Le radiateur électrique reste le mode de chauffage le plus répandu dans les logements français, notamment dans le neuf des années passées et les petites surfaces. Simple, peu coûteux à l'achat, il présente toutefois un défaut majeur : il transforme intégralement l'électricité consommée en chaleur, sans effet démultiplicateur. La pompe à chaleur air-air, elle, joue sur un principe radicalement différent qui change la donne sur la facture annuelle.
Le rendement, nerf de la guerre
Un radiateur électrique classique affiche un rendement de 1 : pour un kilowattheure consommé, il restitue un kilowattheure de chaleur. Impossible de faire mieux avec cette technologie, qu'il s'agisse d'un convecteur d'entrée de gamme ou d'un panneau rayonnant haut de gamme.
La PAC air-air, à l'inverse, capte les calories présentes dans l'air extérieur pour les diffuser à l'intérieur. Son coefficient de performance (COP) se situe généralement entre 3 et 4 : un kilowattheure d'électricité consommé produit trois à quatre kilowattheures de chaleur. Autrement dit, à confort identique, la consommation électrique dédiée au chauffage est divisée par trois environ.
Attention toutefois : ce COP nominal se mesure en conditions favorables. Par grand froid, le rendement baisse, l'appareil sollicitant davantage son compresseur. C'est pourquoi on regarde de plus en plus le SCOP (coefficient de performance saisonnier), plus représentatif d'une saison de chauffe complète sous nos climats.
Combien économise-t-on réellement ?
Prenons un logement dont le besoin de chauffage annuel avoisine 6 000 kWh de chaleur utile. Avec des radiateurs électriques, cela correspond à 6 000 kWh d'électricité facturés. Avec une PAC air-air affichant un SCOP de 3,5, la consommation électrique tombe à environ 1 700 kWh.

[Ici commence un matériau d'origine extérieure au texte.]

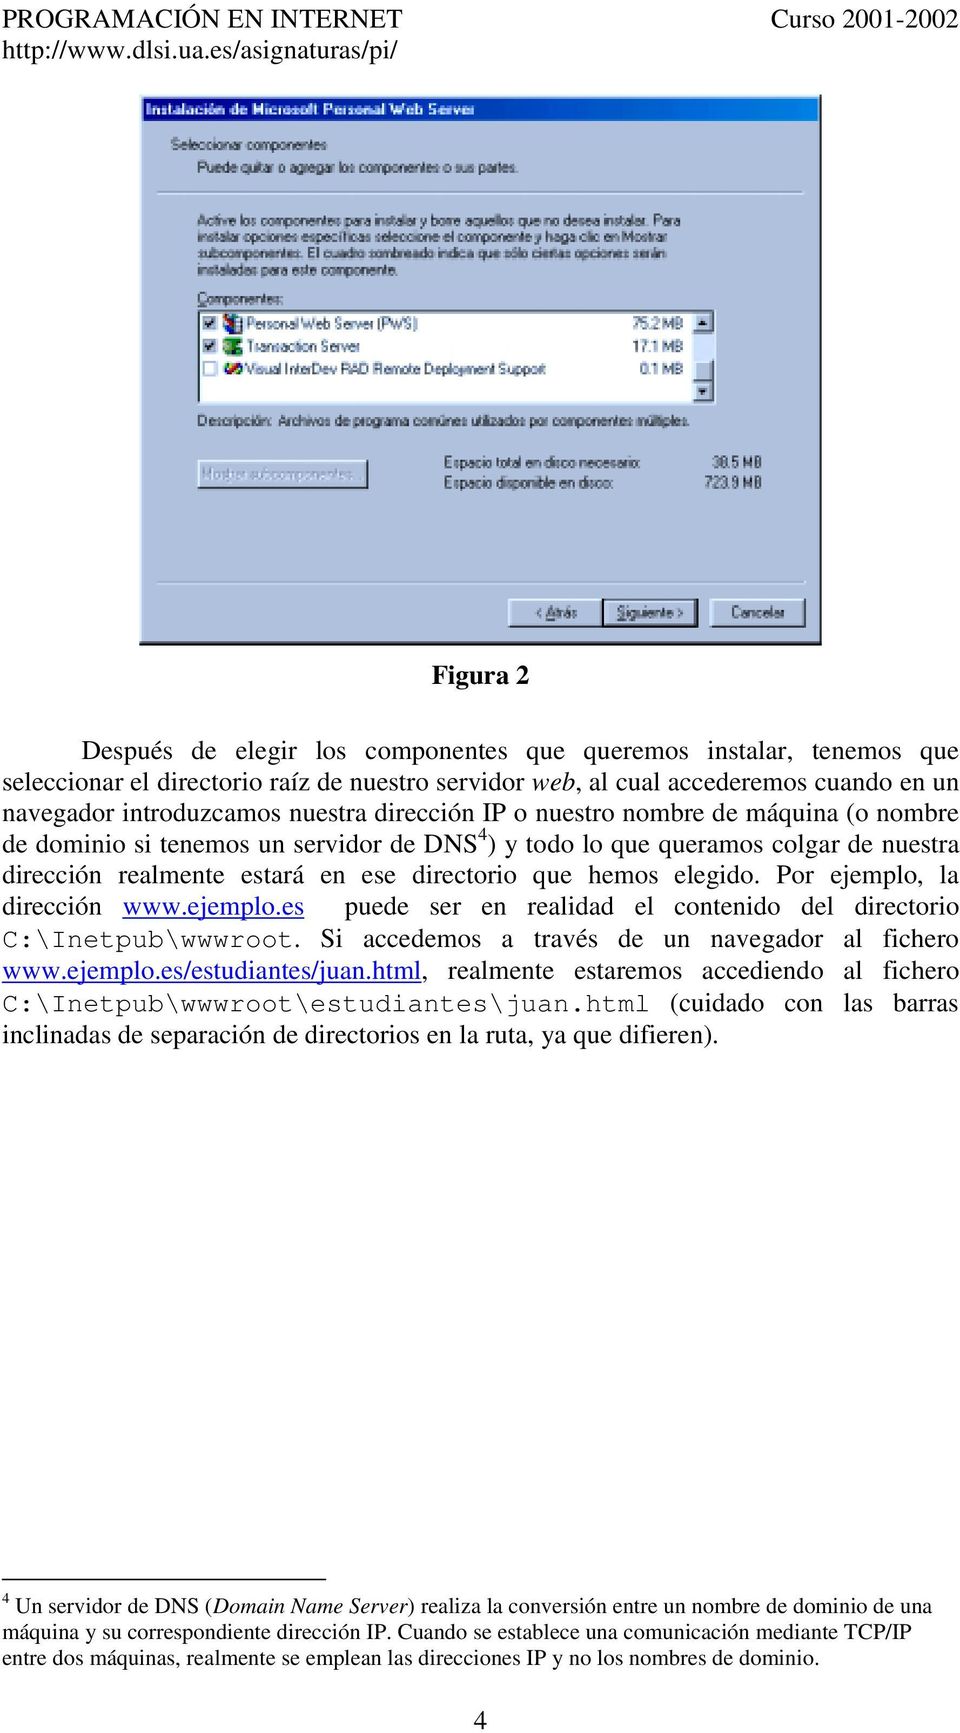 Por ejemplo, la dirección www.ejemplo.es puede ser en realidad el contenido del directorio C:\Inetpub\wwwroot. Si accedemos a través de un navegador al fichero www.ejemplo.es/estudiantes/juan.
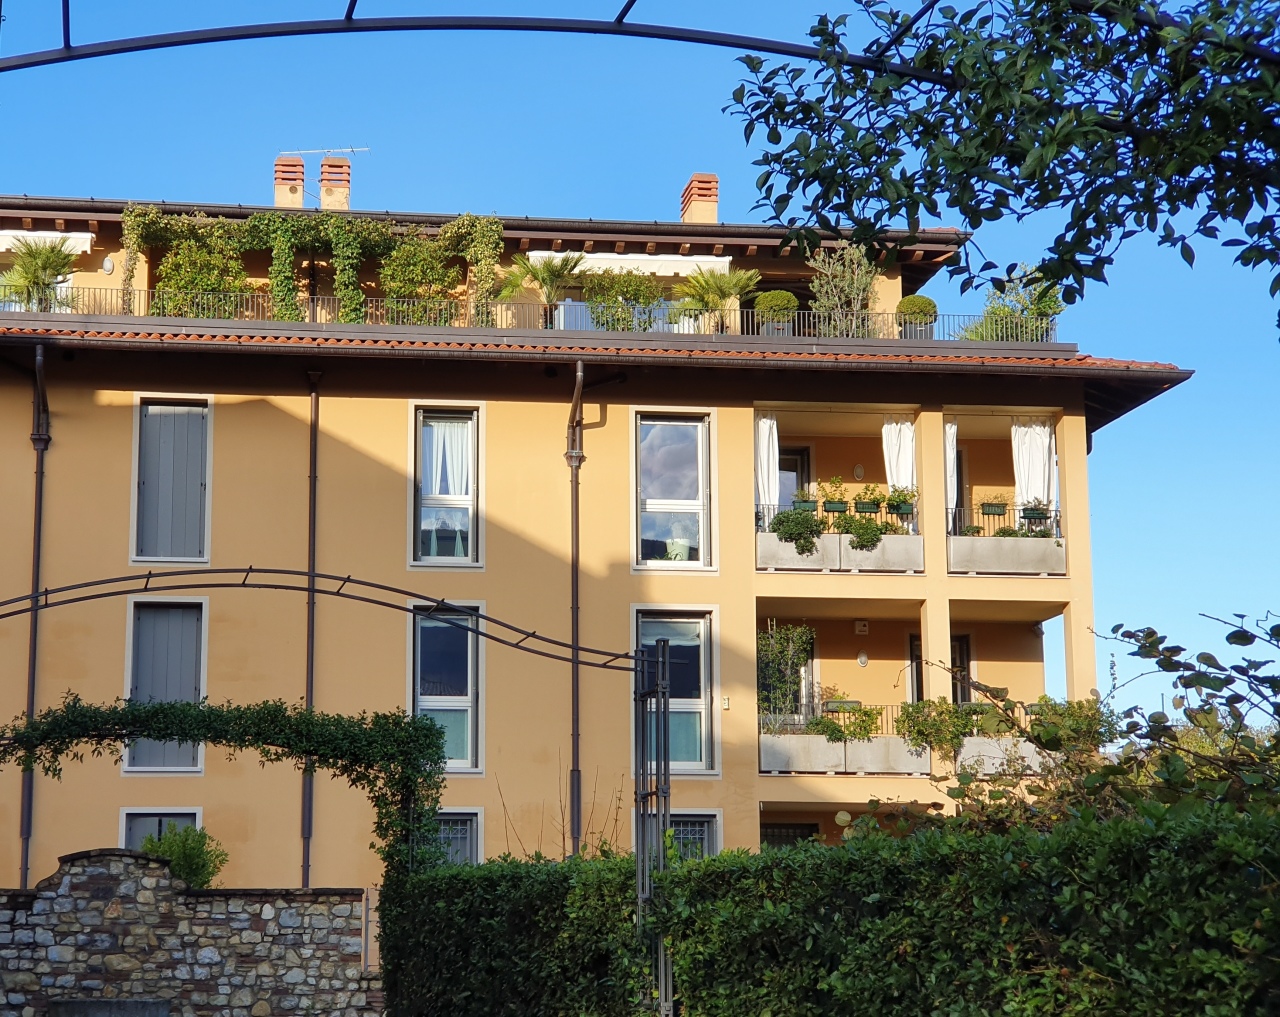 Appartamento in vendita a Brescia, 4 locali, prezzo € 500.000 | CambioCasa.it

Sur la base d'un tarif de l'électricité autour de 0,25 €/kWh, l'écart est parlant :
- Radiateur électrique : environ 1 500 € par an de chauffage.
- PAC air-air : environ 425 € par an, soit près de 1 000 € économisés annuellement.
Ces chiffres varient selon l'isolation du logement, la région, la surface et les habitudes de chauffe, mais l'ordre de grandeur reste stable : la PAC permet de diviser le poste chauffage par trois. Un atout d'autant plus intéressant que le confort est souvent supérieur, la diffusion de chaleur étant plus homogène.
L'investissement et le point d'équilibre
La contrepartie, c'est le coût d'installation. Là où quelques radiateurs électriques se posent pour un budget modeste, un système air-air multisplit représente un investissement plus conséquent, incluant l'unité extérieure, les unités intérieures et la pose par un professionnel qualifié.
Le temps de retour sur investissement dépend directement des économies réalisées : plus le logement est grand et énergivore, plus il est rapide. Dans une maison très sollicitée en chauffage, l'amortissement peut intervenir en quelques années seulement. Bon point supplémentaire : la plupart des modèles air-air assurent aussi le rafraîchissement l'été, ce qui étend leur utilité au-delà de la seule saison froide.
Avant de trancher, il est judicieux d'évaluer précisément vos besoins et de faire chiffrer plusieurs configurations. Comparer différents devis vous permettra d'ajuster la puissance, le nombre d'unités et la marque à votre logement, tout en cernant le budget réel et le gain attendu sur votre facture. Un petit temps d'analyse en amont qui se révèle souvent très rentable.